I deploy several flink on k8s in standalone mode , and export their metrics by one promethus-pushgateway.
The Problem is that:
the metrics Data arrives at promethus intermittently ,resultting to gaps between dots when displayed in grafana
click me, show the gapped graph
promethus target:
monitoring/pushgateway/0 (1/1 up)
Endpoint: http://172.19.88.111:9091/metrics
State : UP
Labels: endpoint="tcp" instance="172.19.88.111:9091" job="pushgateway" namespace="flink-sql" pod="pushgateway-76d64545dd-6prdn" service="pushgateway"
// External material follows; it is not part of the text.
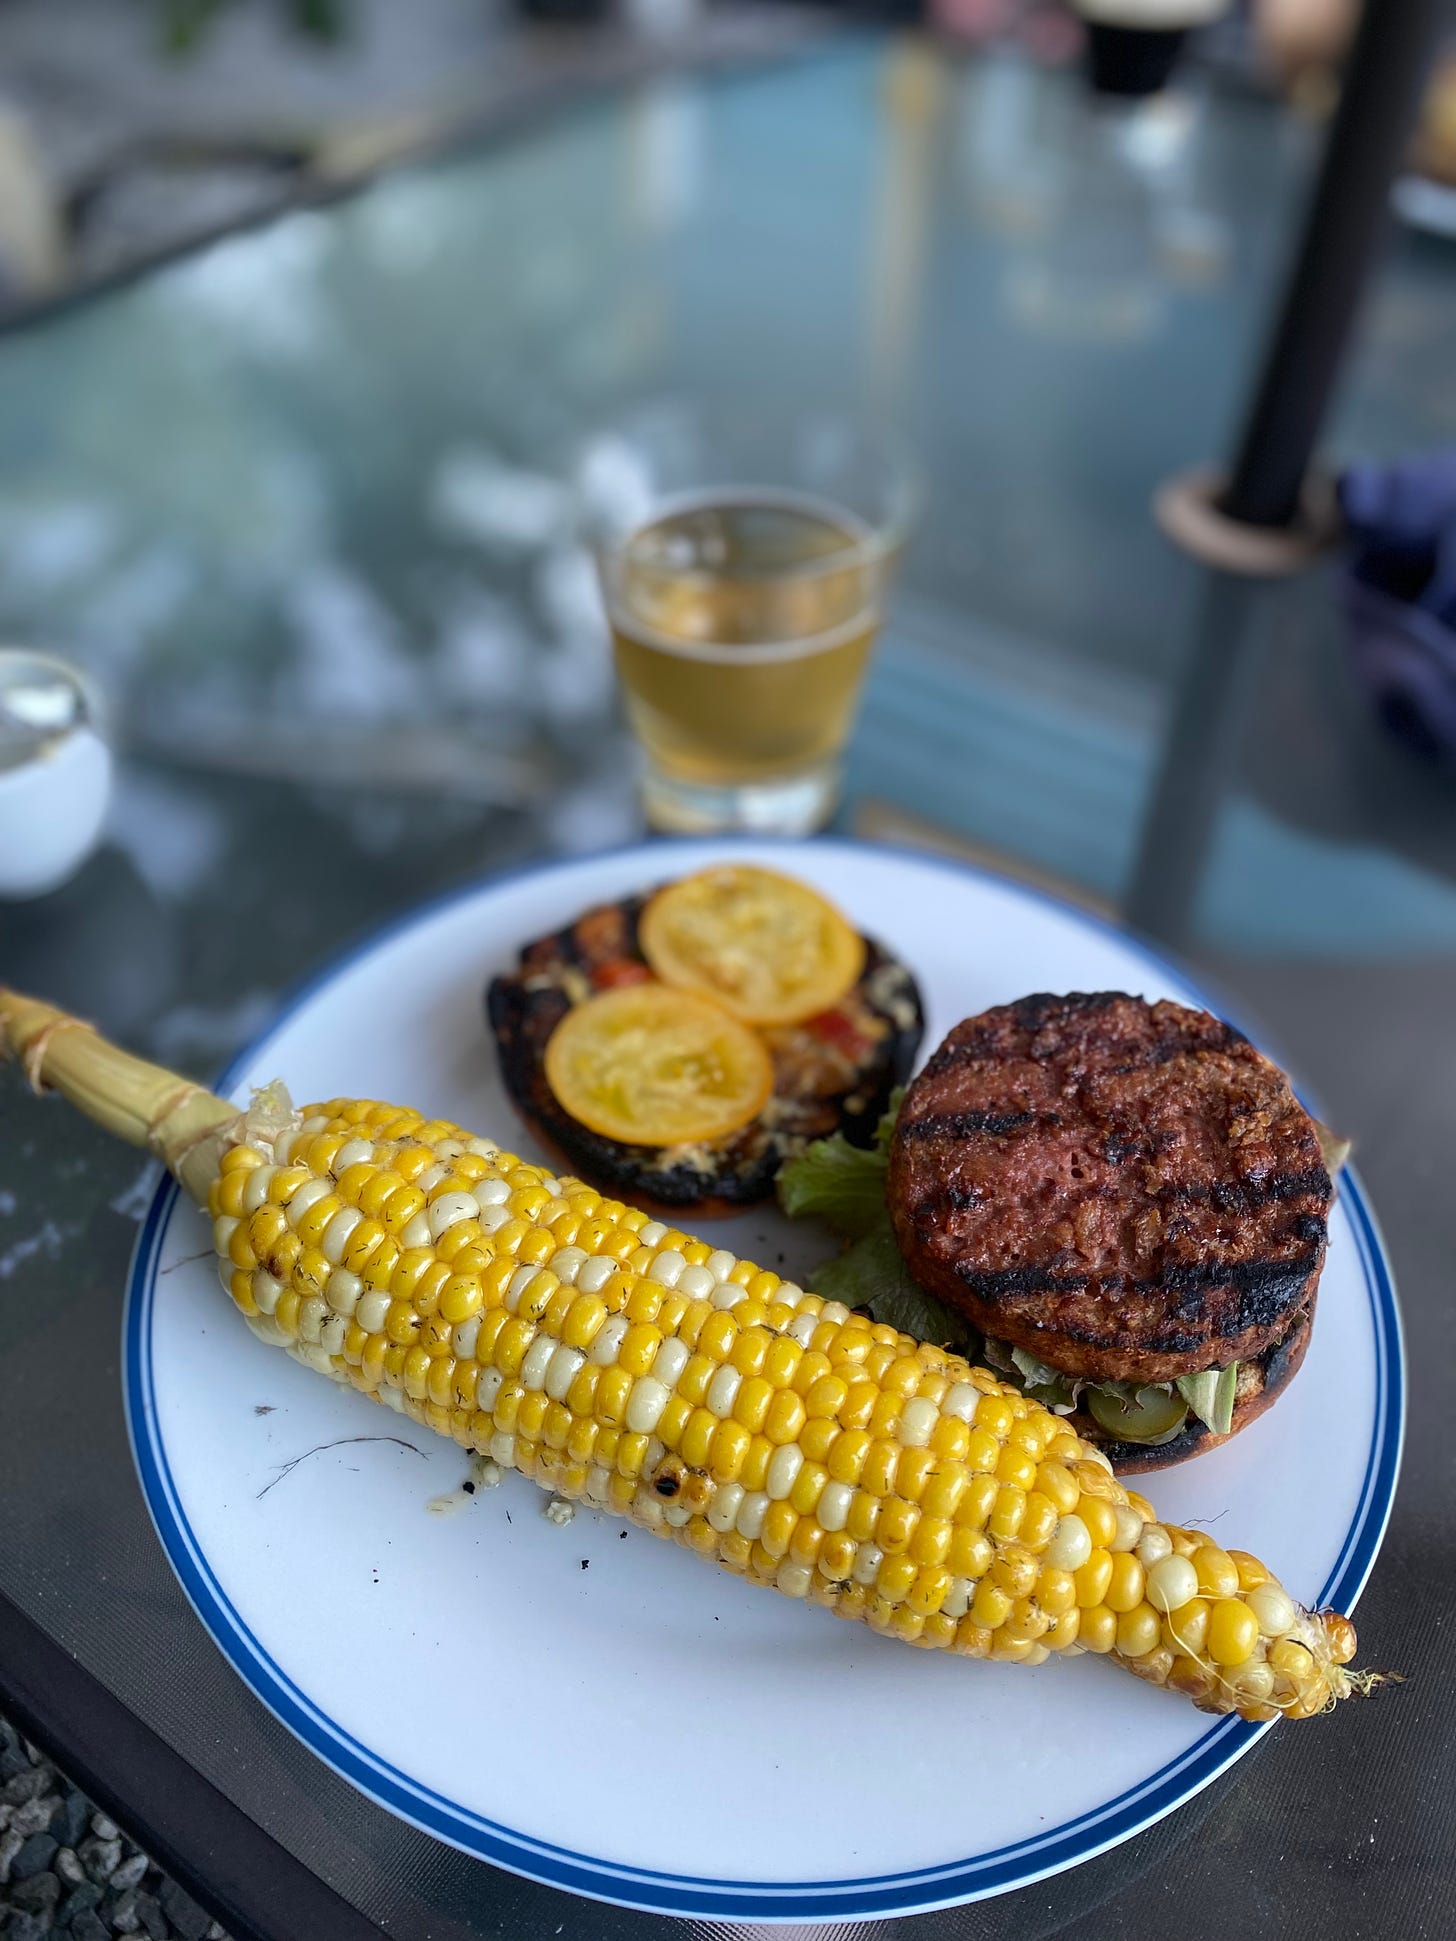 On a white plate, an ear of grilled corn with dill butter. Behind the corn is a burger on a grilled bun, still open to show a grilled Beyond patty on top of lettuce and pickle, the top half with two slices of yellow heirloom tomato. Behind the plate is a partially empty glass of light beer.

I query the pushgateway directly ,but can not get all metris every time
bash-5.0# date && curl -s http://pushgateway.flink-sql:9091/metrics | grep flink_jobmanager_numRegisteredTaskManagers
Mon May 24 07:15:17 UTC 2021
# HELP flink_jobmanager_numRegisteredTaskManagers numRegisteredTaskManagers (scope: jobmanager)
# TYPE flink_jobmanager_numRegisteredTaskManagers gauge
flink_jobmanager_numRegisteredTaskManagers{host="flink_jobmanager",instance="",job="flink-sql"} 0
bash-5.0# date && curl -s http://pushgateway.flink-sql:9091/metrics | grep flink_jobmanager_numRegisteredTaskManagers
Mon May 24 07:15:18 UTC 2021
# HELP flink_jobmanager_numRegisteredTaskManagers numRegisteredTaskManagers (scope: jobmanager)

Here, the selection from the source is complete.